The copy should begin at the line containing "Main Image - Betsey Johnson 'Concertt' Boot" and end with the last line below, every line exact and no picture included.

:: Collected material ::

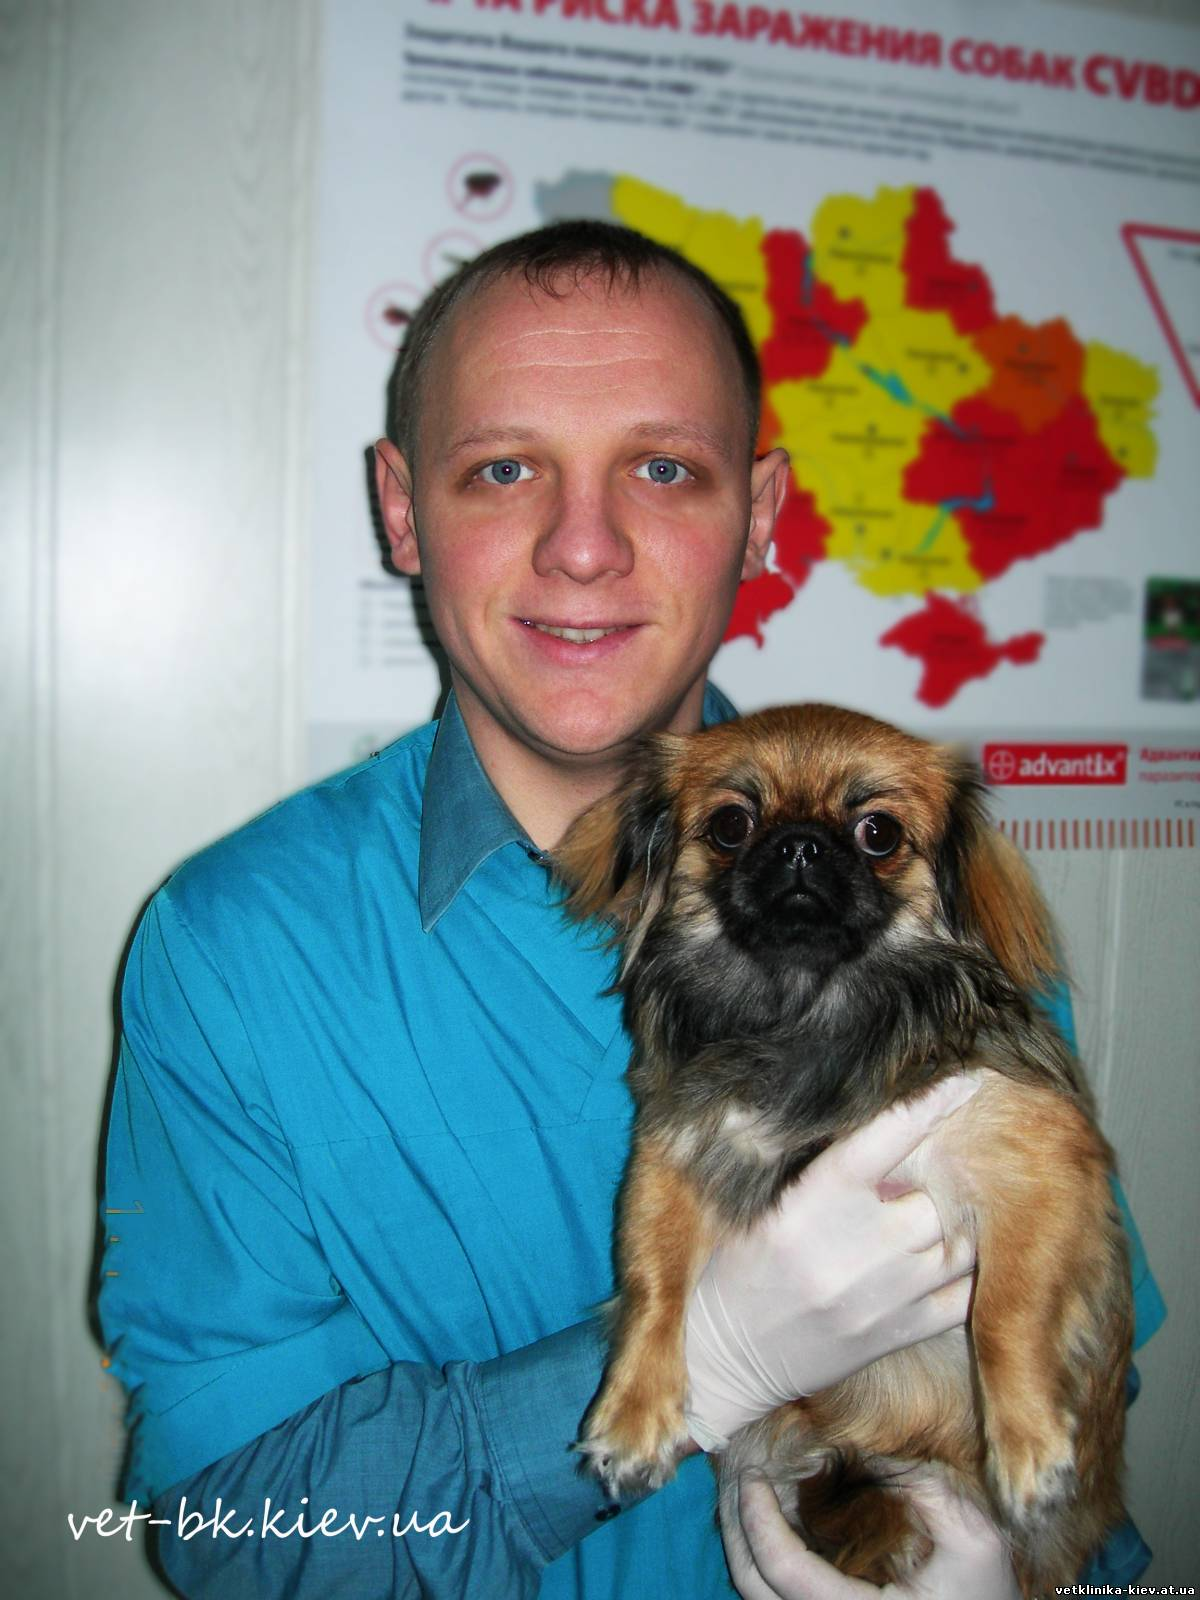 Гриценко Юрий Владимирович
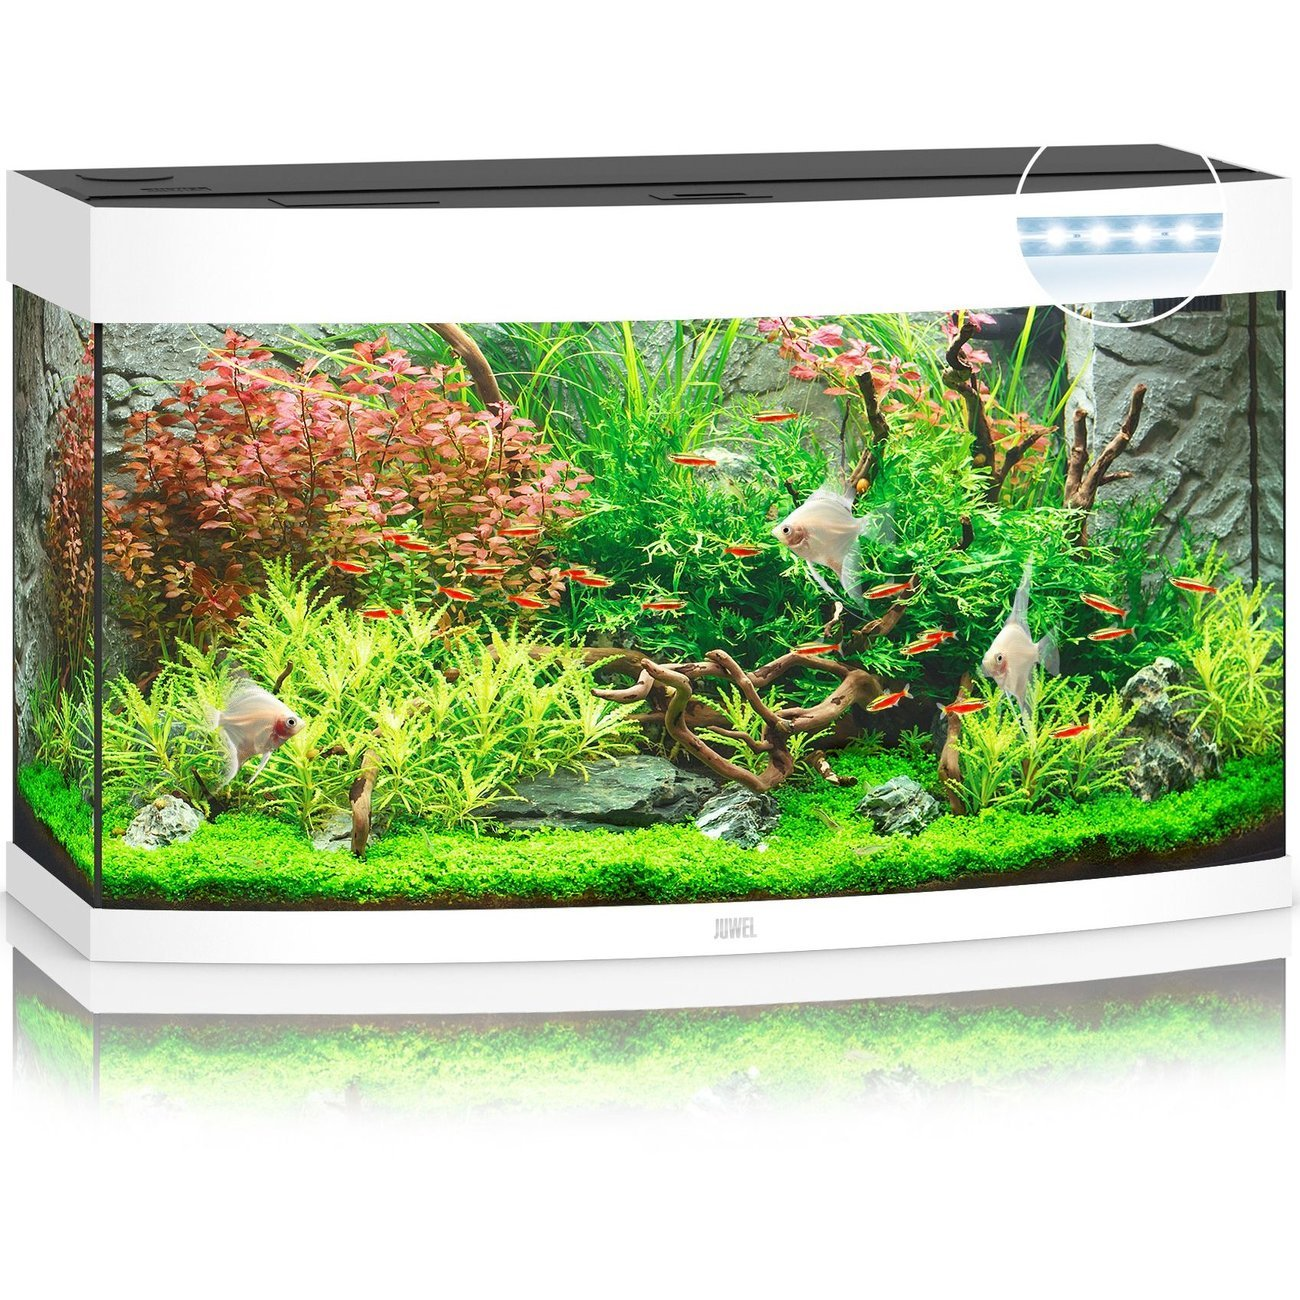 JUWEL Vision 180 LED Aquarium, 180 Liter, weiß
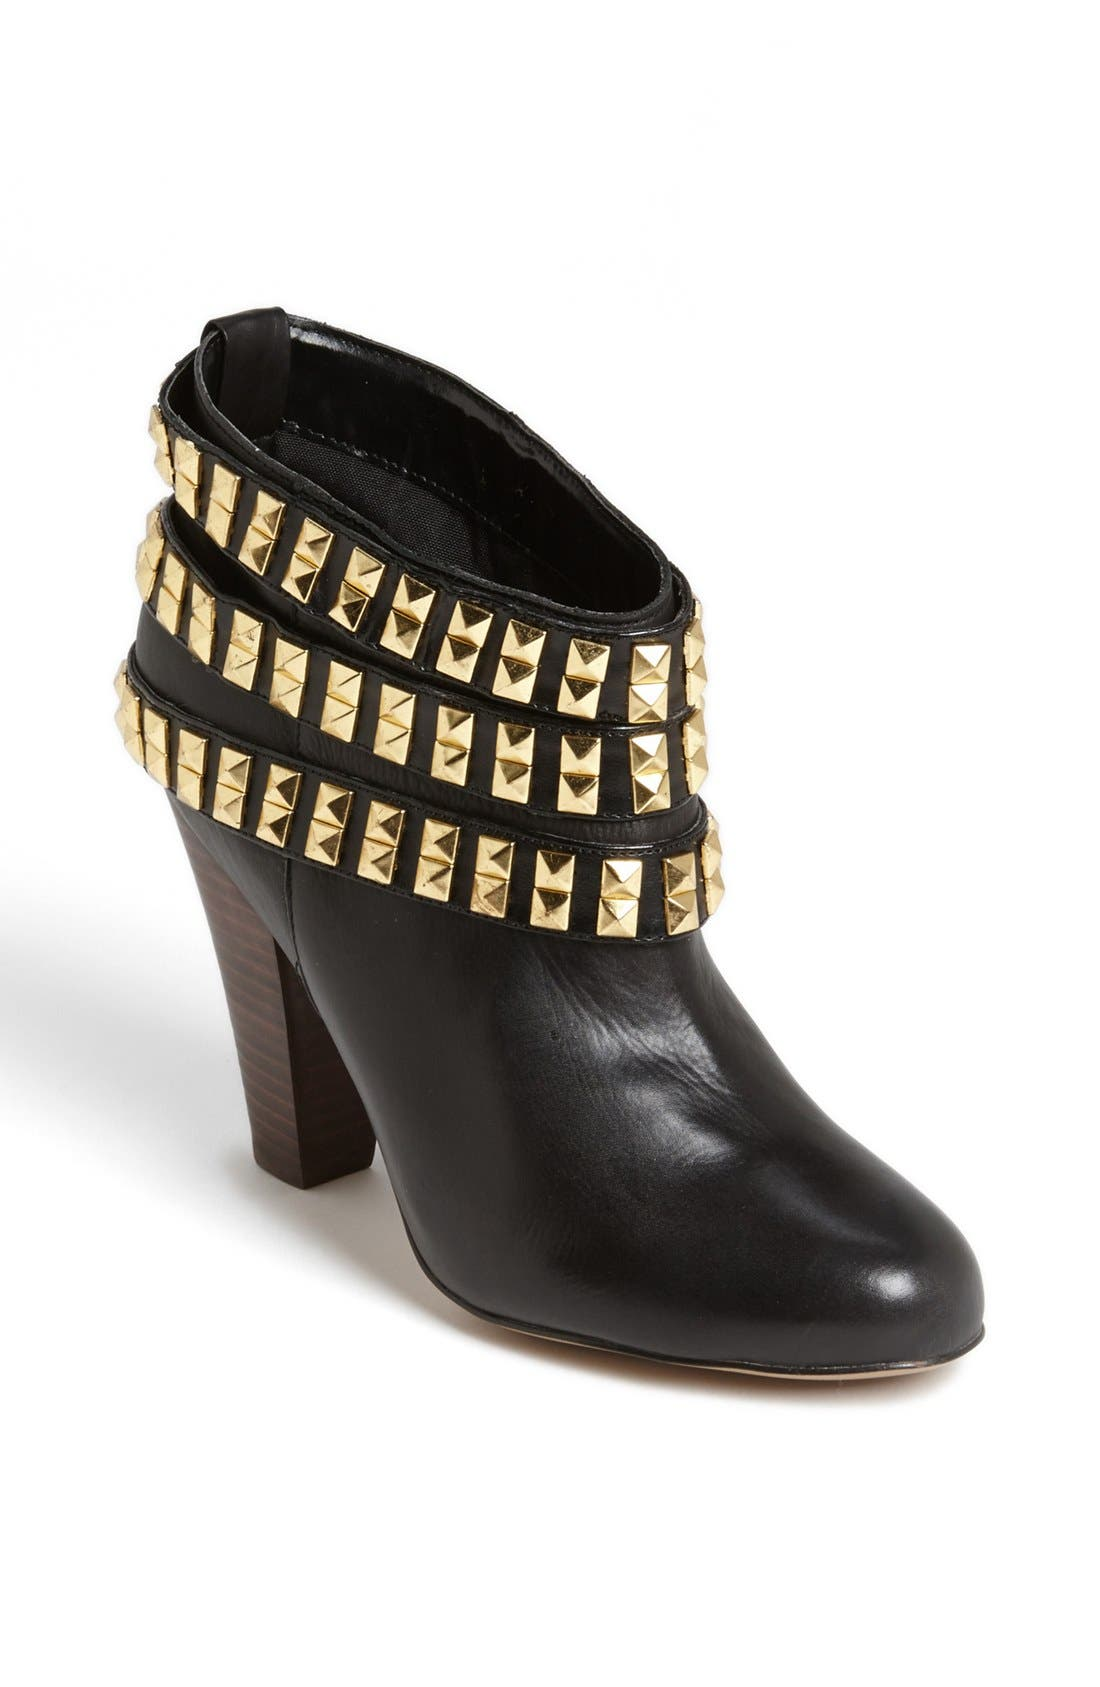 Main Image - Betsey Johnson 'Concertt' Boot
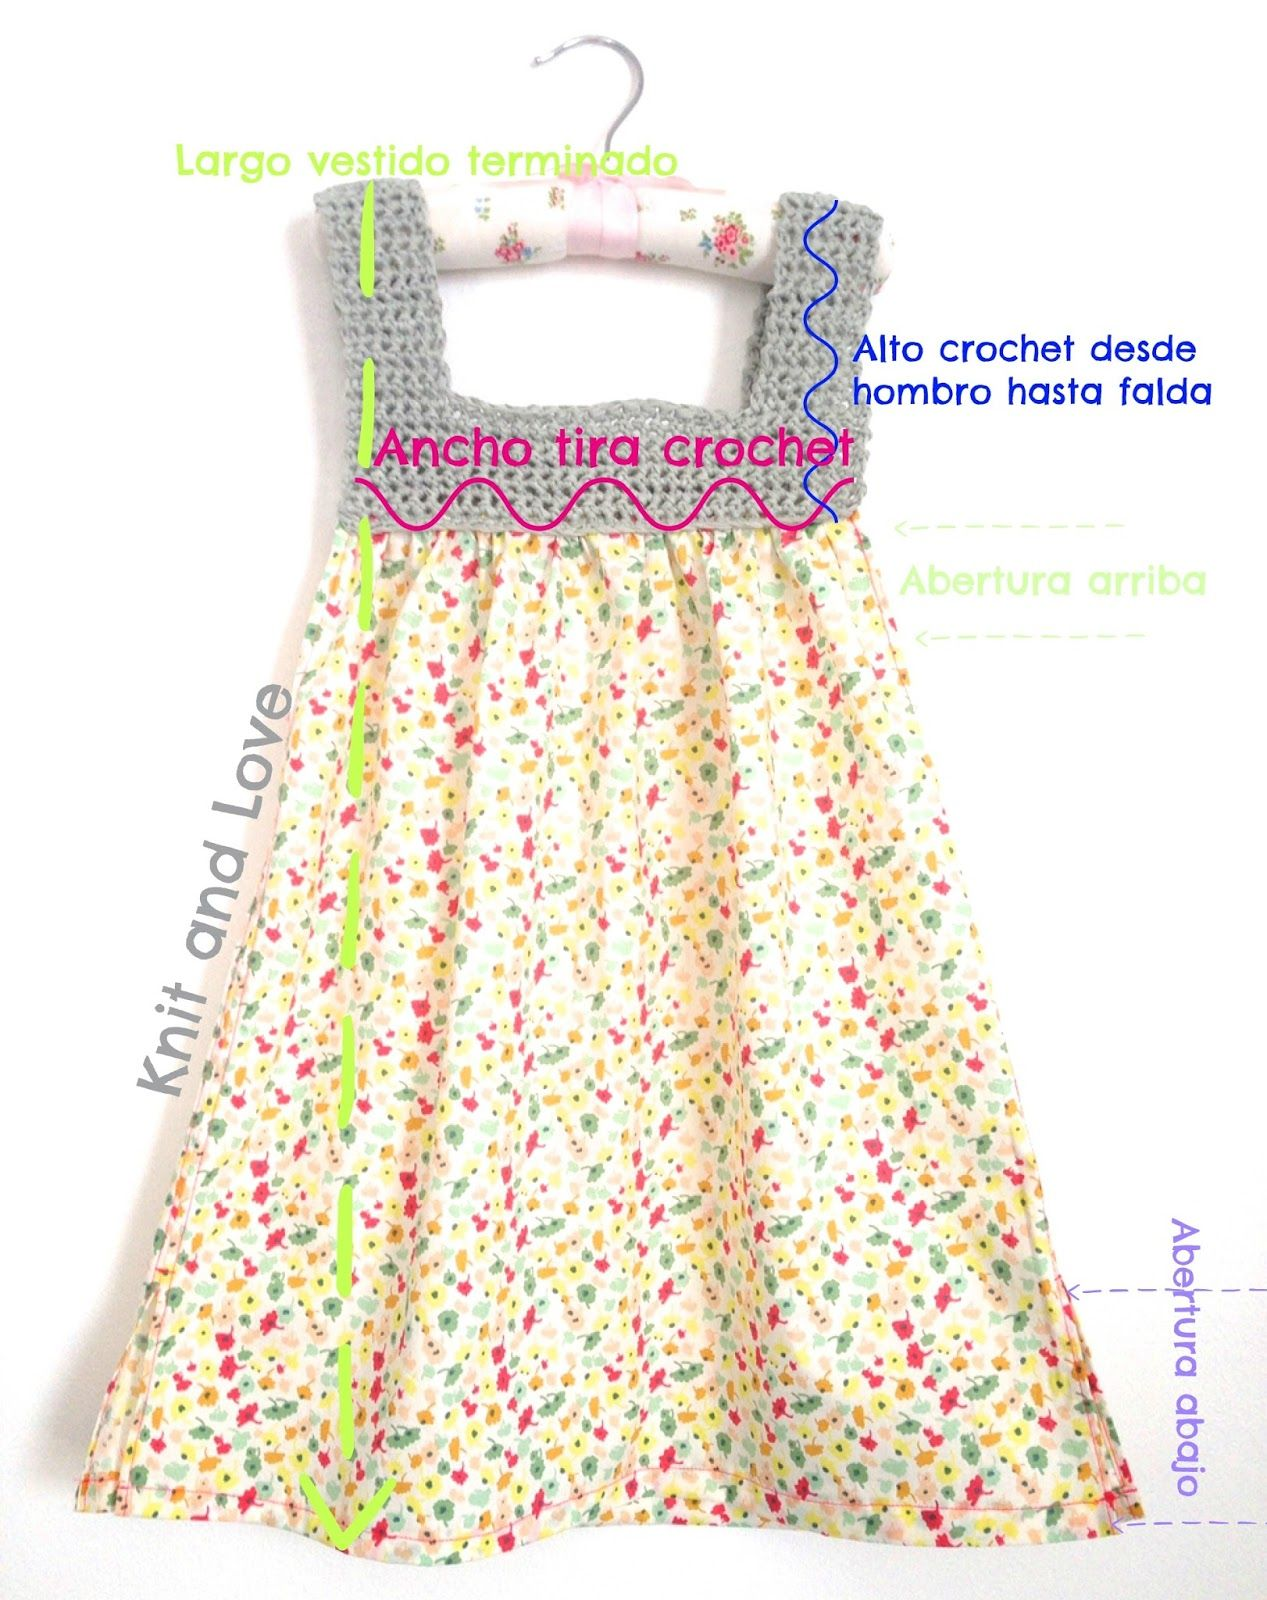 Pin by Chalibel M on Girly Crochet | Pinterest | Crochet, Knit ...

:::

Output |
 Main Image - Betsey Johnson 'Concertt' Boot
 Pin by Chalibel M on Girly Crochet | Pinterest | Crochet, Knit ...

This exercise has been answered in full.